# How much to handfeed?



## andalcam (Oct 31, 2008)

I have a baby cockatiel that the parents started plucking at 2 weeks. I took him out of the nestbox and there was a new egg in the box the next morning. I made a brooder of sorts with an aquarium and heating pad. Everything is going great with the feeding but I am unsure of how much to feed the little guy. He is always hungry, even when I think he has had enough. I have been stopping at 10 cc, but he keeps saying more, more! This is my very first cockatiel baby and I am so excited to have him. Mom is whiteface pearl and dad is whiteface heavy pied. This little one is going to be pied for sure, I can tell by the feathers that are coming in. Any help will be greatly appreciated.


----------



## Bea (Jul 26, 2007)

I feed until the babies won't take anymore, that's what the parents would be doing.  Those little crops can get amazingly full!


----------



## andalcam (Oct 31, 2008)

Thanks Bea, I have tried to find out by reading various web articles but each one is different. One place I was on said 10% of the AM weight. He only weighs 53gm, so that would only be 5 -6 cc.
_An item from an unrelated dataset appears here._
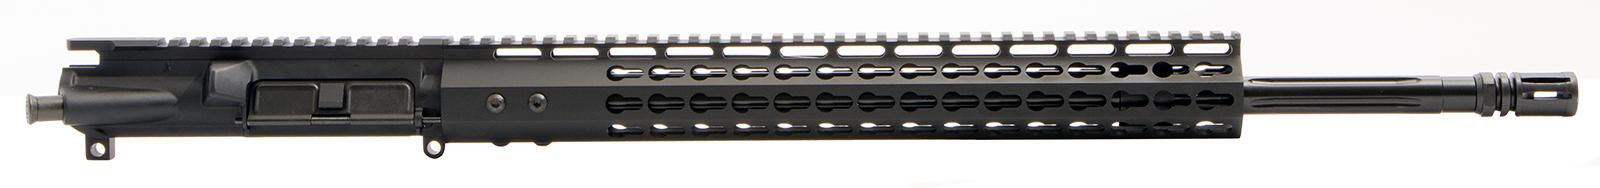 ar-15-upper-assembly-20-223-5-56-straight-flute-15-cbc-gen-2-keymod-ar-15-handguard-rail

I know he would not be happy on this amount. Do you have an amount that would be too much? I am so scared I will explode his crop.


----------



## sweetrsue (Jul 8, 2008)

Here is a good rule of thumb from Cockatiel Cottage 
* Amounts 
1-4 days Every two hours 1 - 2 cc's 
5-7 days Every three hours 2 - 3 cc's 
8-14 days 7:00 AM, 11:00 AM, 3:00 PM, 7:00 PM, 11:00 PM 4 - 6 cc's 
15-24 days 7:00 AM, 12:00 PM (Noon), 5:00 PM, 11:00 PM 7 - 10 cc's 
25-34 days 7:00 AM, 5:00 PM, 11:00 PM 11 - 15 cc's 
35-44 days 7:00 AM, 7:00 PM 11 - 15 cc's 
45 days to weaning 7:00 PM 11 - 15 cc's 

*But I agree with Bea. Feed them as much as they will take.


----------



## andalcam (Oct 31, 2008)

Thanks! It is nice to have a schedule to follow somewhat. I know he would eat more than I have been giving him. I will increase him at his last feeding tonight.


----------



## Renae (Feb 9, 2008)

I just wanted to say.. that photo is AMAZING! 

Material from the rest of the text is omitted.